Redis is extremely easy to install on POSIX systems (Linux, OSX, Cygwin for Windows). Simply download either a release version or checkout the trunk version of redis from the project home page. Unpackage, make, and run. That’s it!
gettingstarted $ wget http://redis.googlecode.com/files/redis-1.2.5.tar.gz gettingstarted $ gunzip redis-1.2.5.tar.gz gettingstarted $ tar -xvf redis-1.2.5.tar gettingstarted $ cd redis-1.2.5 redis-1.2.5 $ make redis-1.2.5 $ ./redis-server 21 Mar 17:37:11 * Warning: no config file specified, using the default config. In order to specify a config file use 'redis-server /path/to/redis.conf' 21 Mar 17:37:11 - Server started, Redis version 1.2.5 21 Mar 17:37:11 - The server is now ready to accept connections on port 6379 21 Mar 17:37:11 . 0 clients connected (0 slaves), 832496 bytes in use, 0 shared objects
6 commands and redis is running and ready for a connection. Obviously this isn’t best practice for running redis in production but, it works well for just getting it up and running for some experimentation. Let’s leave that window open and open another for a Python console.
In every example below we only are covering the basic operations of each type. If you want to learn about all of the possible operations for redis read up on the redis Command Reference. This has all of the commands available to you.
Redis and Python
First thing we need is the redis-py module for Python. You can install this manually or just use easy_install.
Everything has a place: keys
Redis is a key-value store just like a Python dictionary. So everything that goes into redis no matter what it is, has a key (or location, or address, whatever makes sense to you). You can’t store something without a place for it to go
Now let’s open up a Python console and start to play with the basic data structures
Data structure: String
The most basic data structure in redis is the string. Simply, you have a key and it stores a string.
>>> import redis >>> r_server = redis.Redis("localhost") >>> r_server.set("name", "DeGizmo") True >>> r_server.get("name") 'DeGizmo'
So, line by line let’s walk through what we’ve done here.
1. import the redis module
2. create an object called “r_server” of redis.Redis type with the parameter “localhost” which is the network location of our running redis server
3. call the function “set” on the “r_server” object with the parameters “name” and “DeGizmo”. The first parameter “name” is the key and “DeGizmo” is the value. So in redis we created a key-value pair of “name” -> “DeGizmo”
4. call the function “get” which will retrieve the value from the key which is passed as the parameter. We are getting the key “name” and redis returns the value “DeGizmo”

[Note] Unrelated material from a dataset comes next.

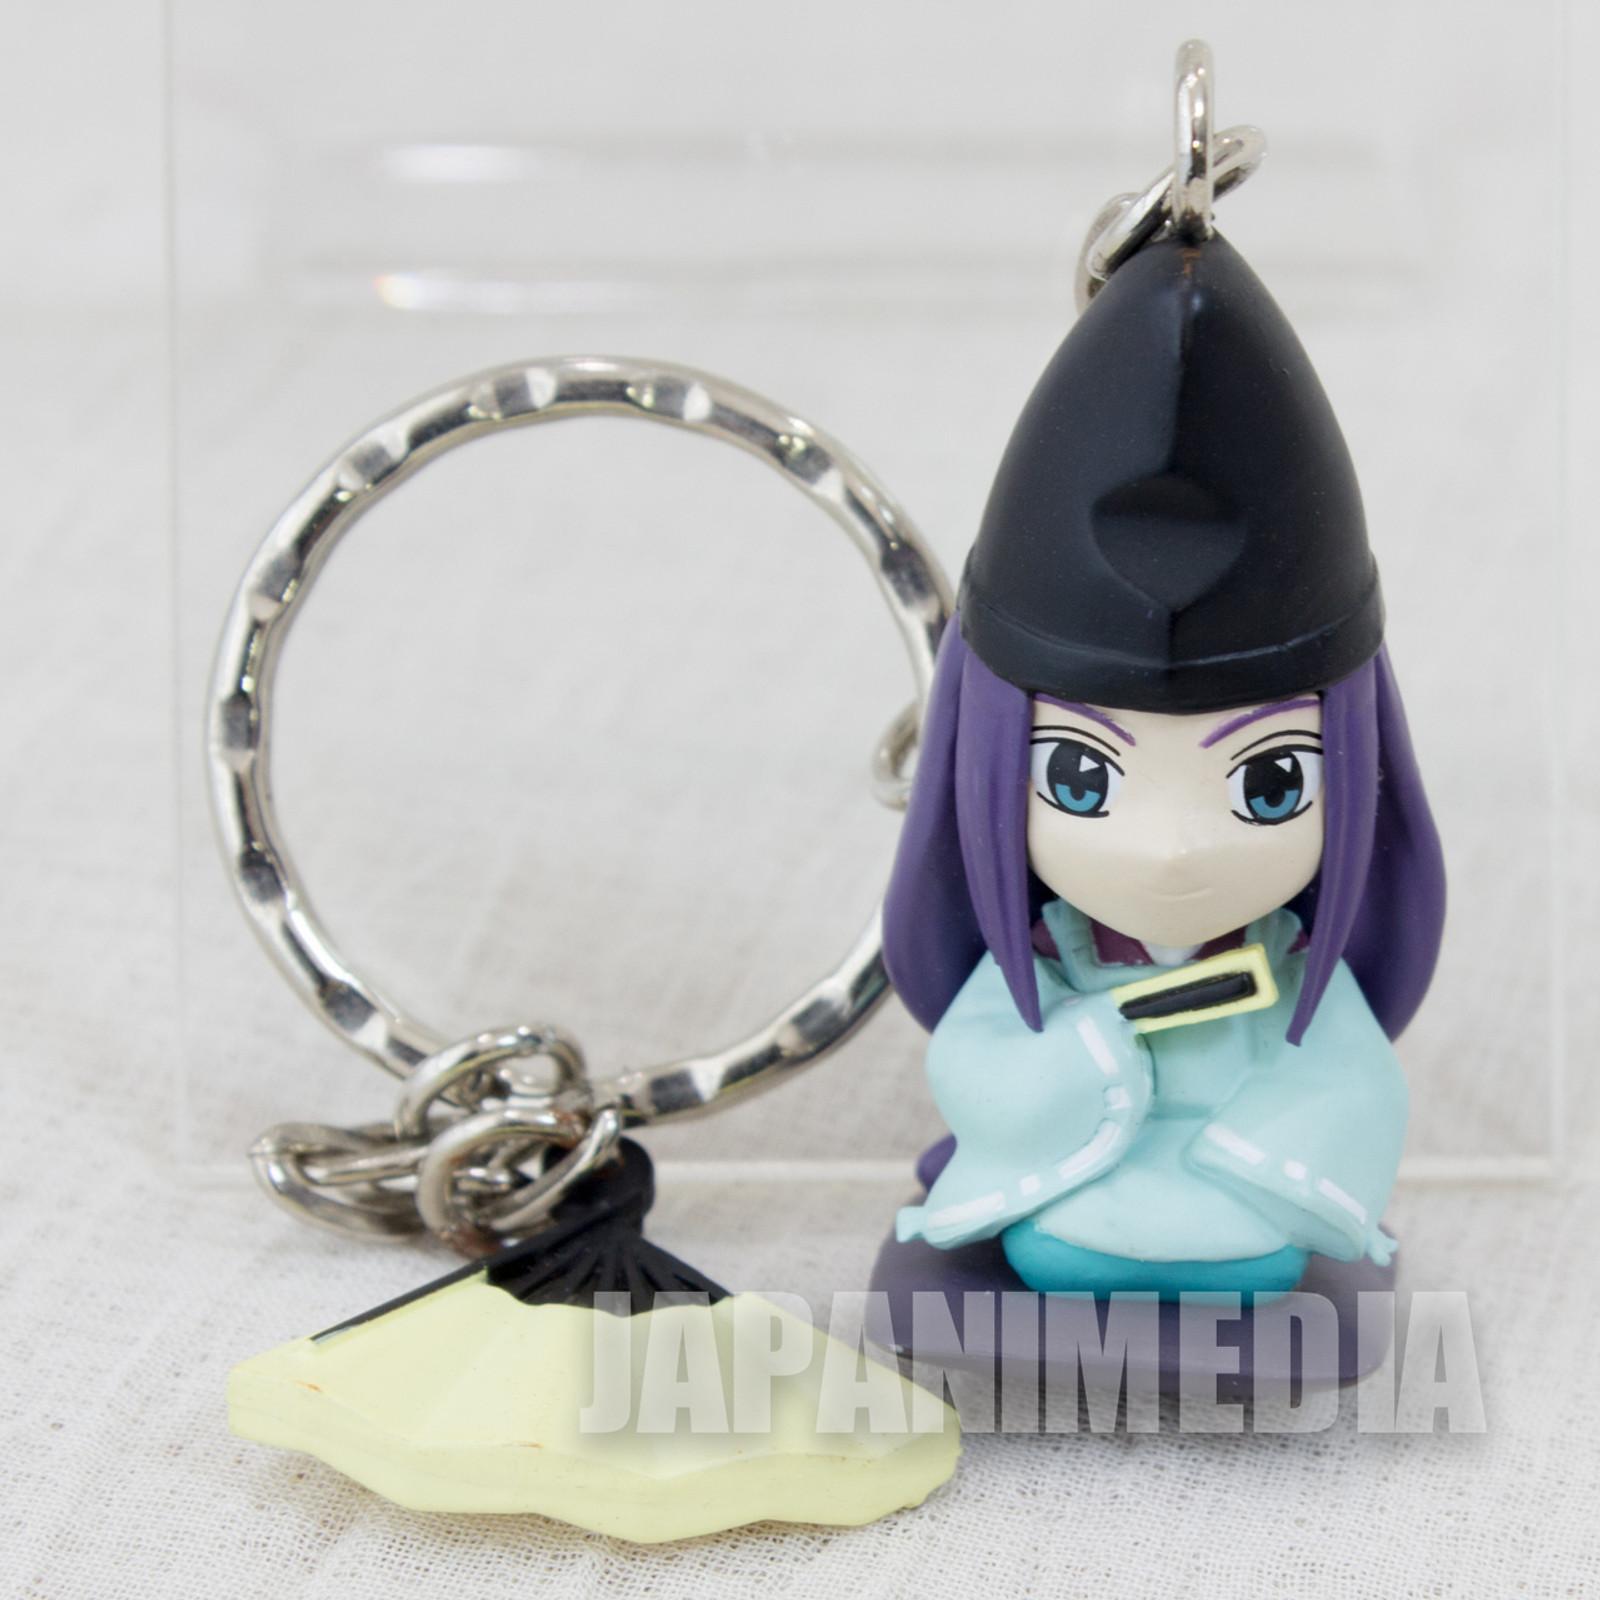 Hikaru no Go Fujiwara no Sai with Sensu Figure Key Chain JAPAN ANIME MANGA JUMP

That’s it. If you go and stop the redis server and restart it and run r_server.get(“name”) command again, it will return “DeGizmo” again due to redis’s persistent store.
Data structure: Integer
The second data type available is an integer.
>>> r_server.set("hit_counter", 1) True >>> r_server.incr("hit_counter") 2 >>> r_server.get("hit_counter") '2' >>> r_server.decr("hit_counter") 1 >>> r_server.get("hit_counter") '1'
Again using the “r_server” Redis object we run the following commands
1. We set the redis key “hit_counter” to a value of 1 just like in the example above
2. Then we run the command “incr” on the key “hit_counter”. This will increment (incr) the key by 1
3. We get the value for the key “hit_counter” to verify that it was been incremented
4. Then we run the command “decr” on the key “hit_counter”. This will decrement (decr) the key by 1
5. We get the value for the key “hit_counter” to verify that it was been decremented
Simple huh? Well remember that redis is a persistent store that can be accessed by multiple machines (or programs) simultaneously. If you have a horizontally scaled web farm with many different web servers running on separate machines, your web app can all call on and reference the same redis instance and all operate on the “hit_counter” key at the same time and increment it just like how you would use a MySQL database. You can kind of think of redis like a “shared” storage across different applications.
Data structure: Lists
Very similar to the built in Python list type, the redis list type has a few basic methods that combined can quite powerful. We are only covering a tiny portion of the commands available, you can find all the commands in the redis Command Reference.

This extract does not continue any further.